Location: US Empire, Pac NW
5,002 posts, read 12,360,632 times
Reputation: 4125
After reading the Wikipedia article, I totally believe that at least one airspeed indicator was false and that caused the pilot to disconnect the autopilot. Lack of outside reference horizon and inability to determine rates due to again lack of trusting the instruments probably led the pilot in command to repeatedly stall the airplane.

So the Airbus design isn't at fault per se here, especially if the pilot was able to stall the airplane. That tells me that the alternate law was engaged and flight envelope limiting was disabled. What Airbus could have done is address the issue of not doing good enough testing on the pitot probes. Those probes should be heated (I have seen them many times before and after a flight, those things are HOT! you can see the heat flow off them on a summer day).
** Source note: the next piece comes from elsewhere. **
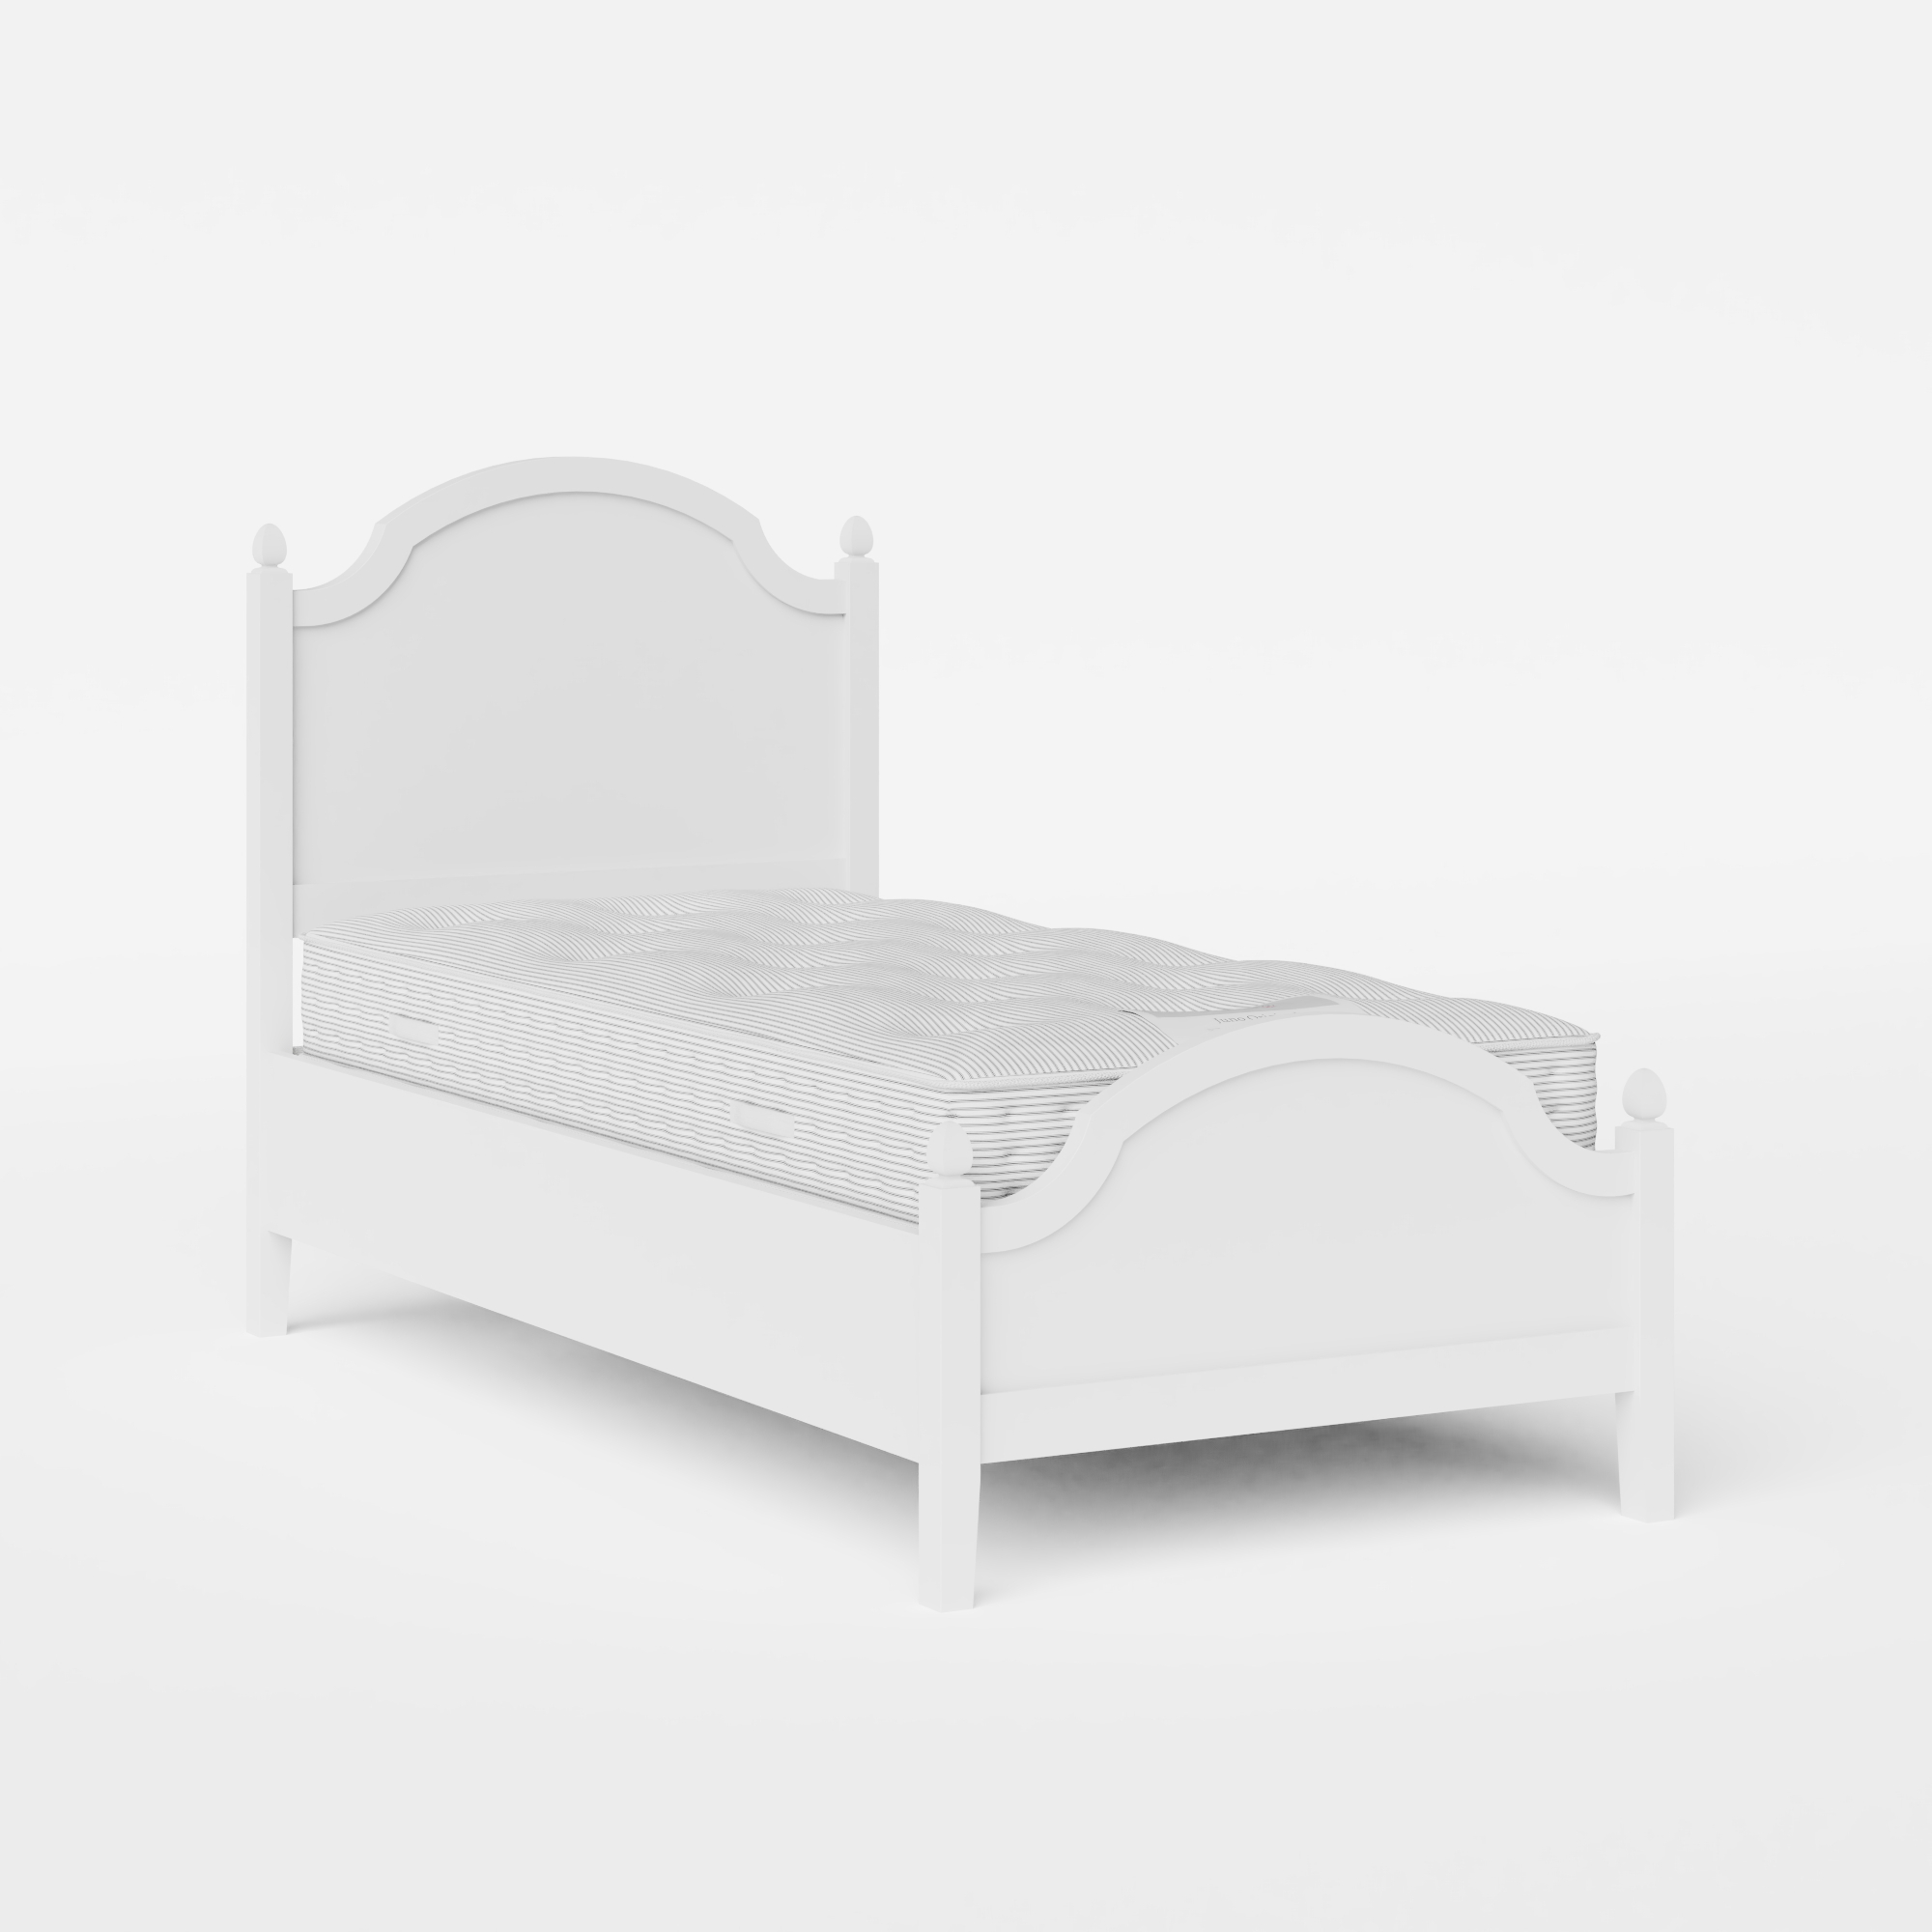 Kipling Low Footend Painted letto singolo in legno bianco con materasso
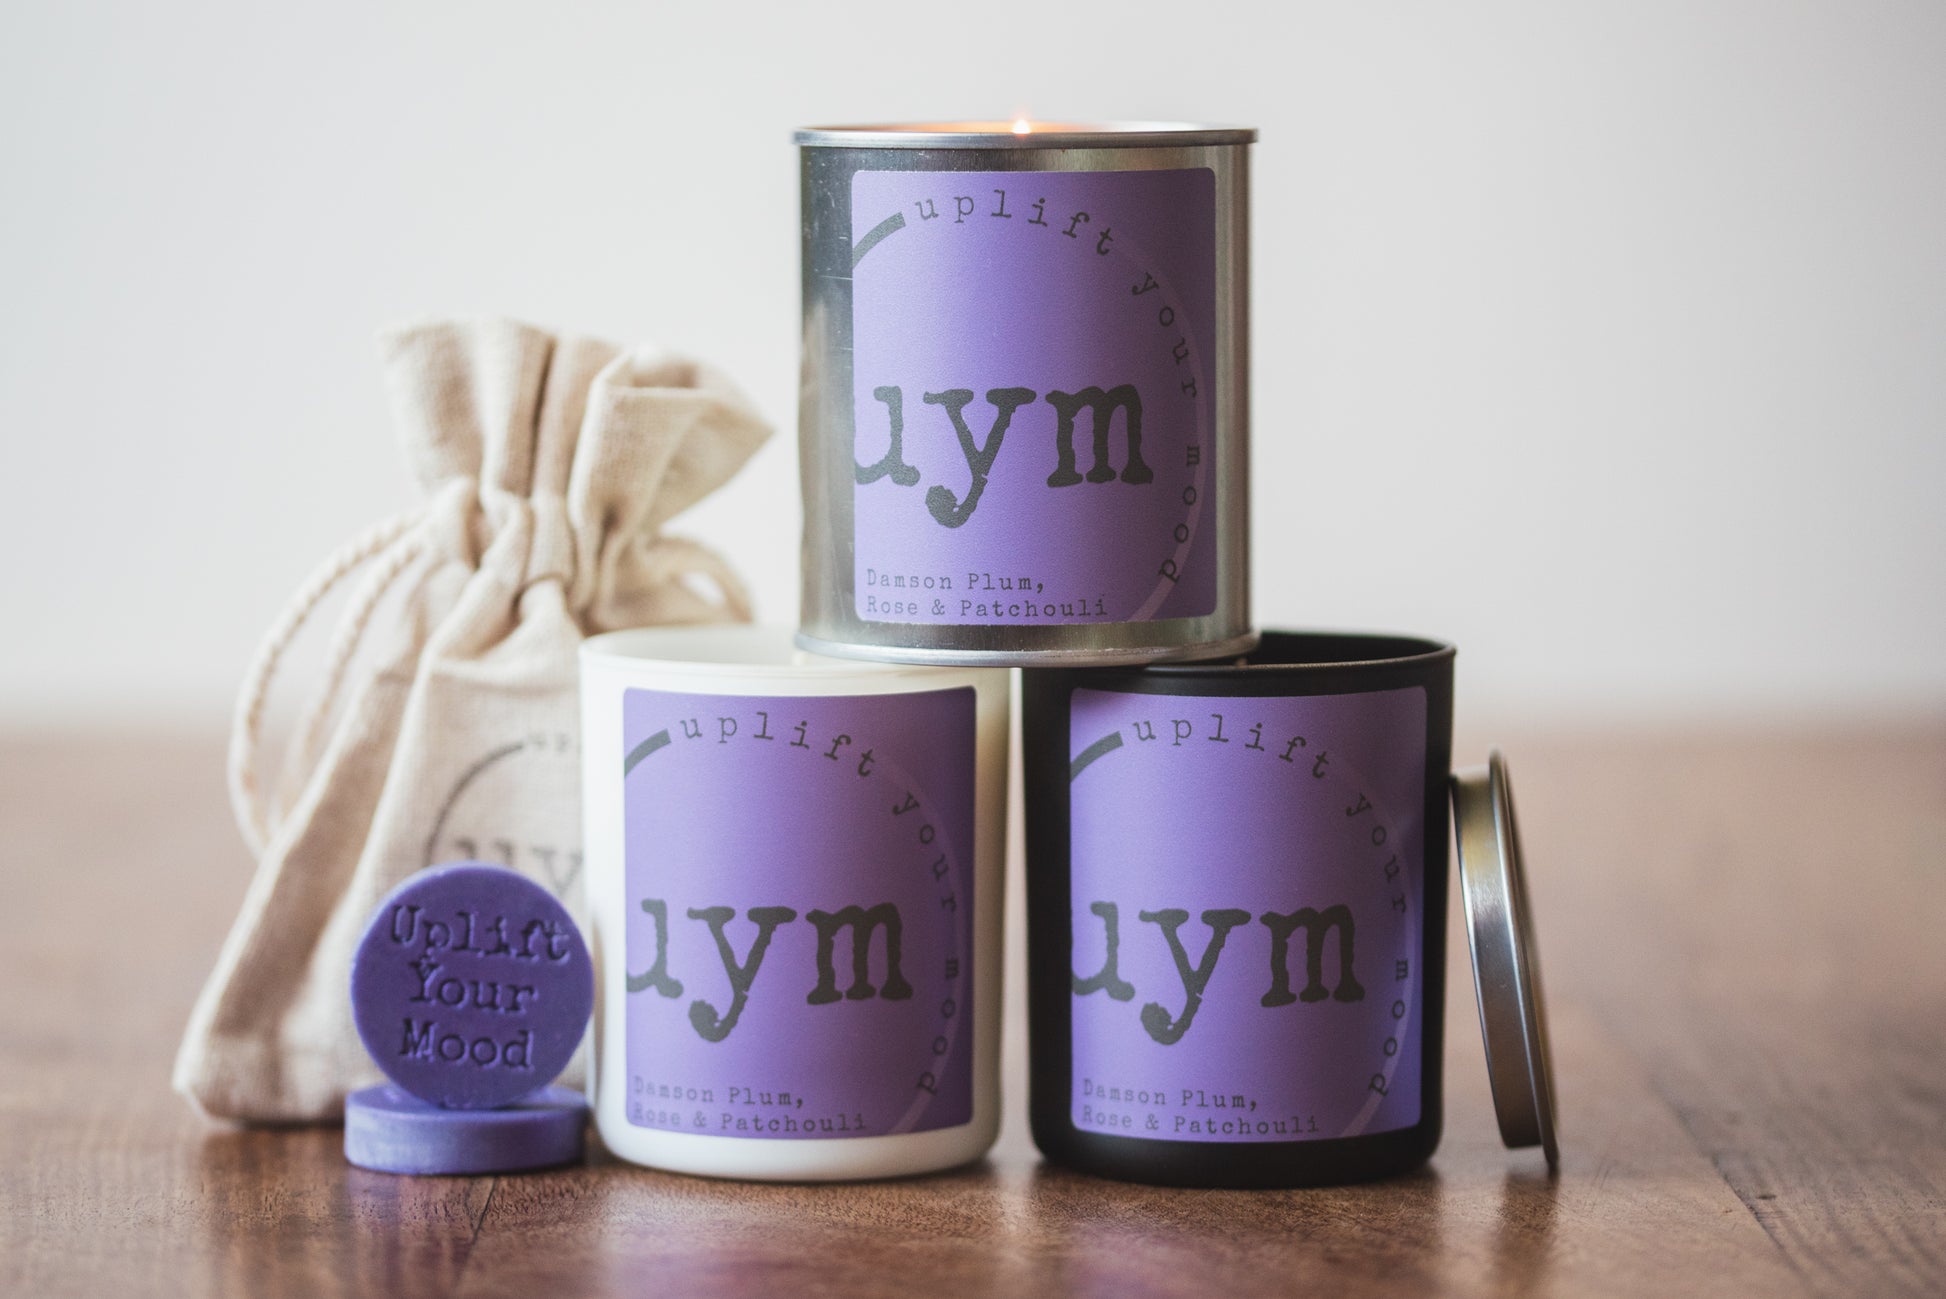 Damson Plum, Rose & Patchouli Candles and wax melts, highly sceted natural wax, organic cotton wick, various container to choose from, purle label. Uplift Your Mood Scents

All signs point to bad flight planning and bad decisions from the flight crew. The Airbus vs. Boeing vs. everyone else method of flight deck design and controllability philosophy doesn't really factor in here. I would know that if there was an airspeed disagreement and the backup systems couldn't figure out who was right, I'd put the engines to max and trust my inertial reference system and climb. That cannot be fooled with by the wind and rain because those are (if they're modern) gyros which give actual attitude and rate information. Or I'd keep the autopilot on and climb. If the Airbus autopilot and inertial reference units are worth its weight in salt, it would maintain a reasonable flight path angle while climbing and using the acceleration data from the inertial reference unit.